A new integrated model for institutional transformation, the framework is aimed at expanding access to higher education, creating greater social and economic mobility for more learners and their families, and helping communities flourish across a broad range of measures.
“The community vibrancy work is the next phase of the student success movement, answering the question — success to do what?” says Chris Whaley, president of Roane State Community College. “We want to help students get a job, have a family-sustaining career, and be more well-rounded citizens. Ultimately what we want is for enough of those folks in a community to have economic and social mobility so that we’re not just lifting up one or two individuals, but hopefully, through the work that we do in partnership with the local community, we are lifting up the entire community. We can’t do that on our own, but we certainly have an important role and responsibility.”
Localized approaches and lessons learned
Serving 200,000 students across a dozen states, the initial Community Vibrancy cohort of 15 colleges reflects the sector’s diversity, including in its ranks small, large, rural, urban, technical, and tribal colleges. While each college’s context is different, all have found community vibrancy reflective of their missions and strategic goals — and a tool to help advance them in new ways.
Through the Community Vibrancy curriculum and coaching, ATD and the 15 cohort colleges are working to understand local communities in ways that will lead to upward mobility for individuals and their families and help communities flourish and thrive economically. They are also expanding the use of data from local, state, and national sources to create a more comprehensive picture of what the future might look like if community colleges reached their potential to serve more students in better ways as part of the drive to improve student success.
To date, cohort colleges have leveraged the framework to do the following:
- Inform and give new context to strategic planning
- Identify and target specific populations left behind by postsecondary education, including adult learners and justice-impacted populations
- Improve access through advising and new talent pipelines
- Sustain institutional momentum, including redesigning the first-year experience and introducing new performance measures and metrics
- Promote economic and social mobility by leveraging community and labor market data to inform career advising, program relevancy, and new program development
- Support vibrant communities by participating in broader efforts to improve communities’ overall vitality
“These 15 case studies offer a look into the future of community college reform,” says Dr. Stout. “Each story offers a new vision for how our student success efforts must move beyond completion for our work to activate the kind of student and community transformation that we seek as a sector.”

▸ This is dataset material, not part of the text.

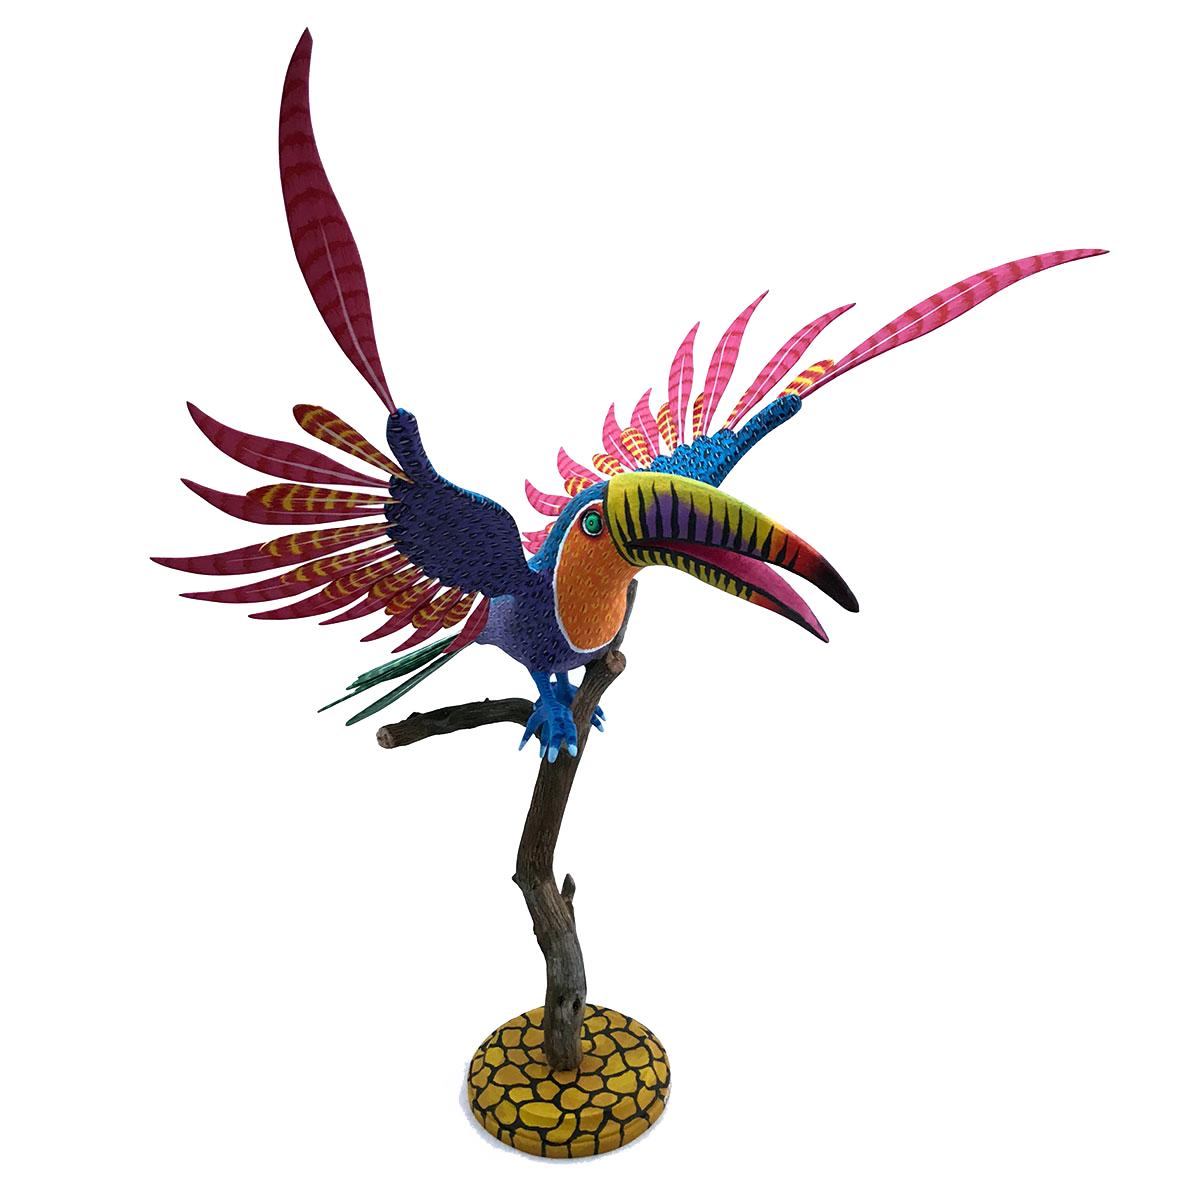 Eleazar Morales Eleazar Morales: Large Toucan on Branch Birds

An inside-out/outside-in model for transformation
The framework helps colleges anticipate and account for transformation by looking not just inside-out but also outside-in. College leaders must deeply understand students and how transforming institutions supports their success and influences communities, while at the same time see their communities in new ways to understand how their context influences and informs the work community colleges do to support student success.
The ATD Community Vibrancy Framework holds college and community transformation in mind simultaneously to help community colleges become learning, credentialing, and economic mobility hubs that eliminate inequities in college and workforce outcomes. It is in the intersection of the inside-out and outside-in approach where new possibilities abound.
ATD looks forward to expanding this work across its network of colleges and beyond as it makes the framework the backbone of its approach to innovation, coaching, and service delivery.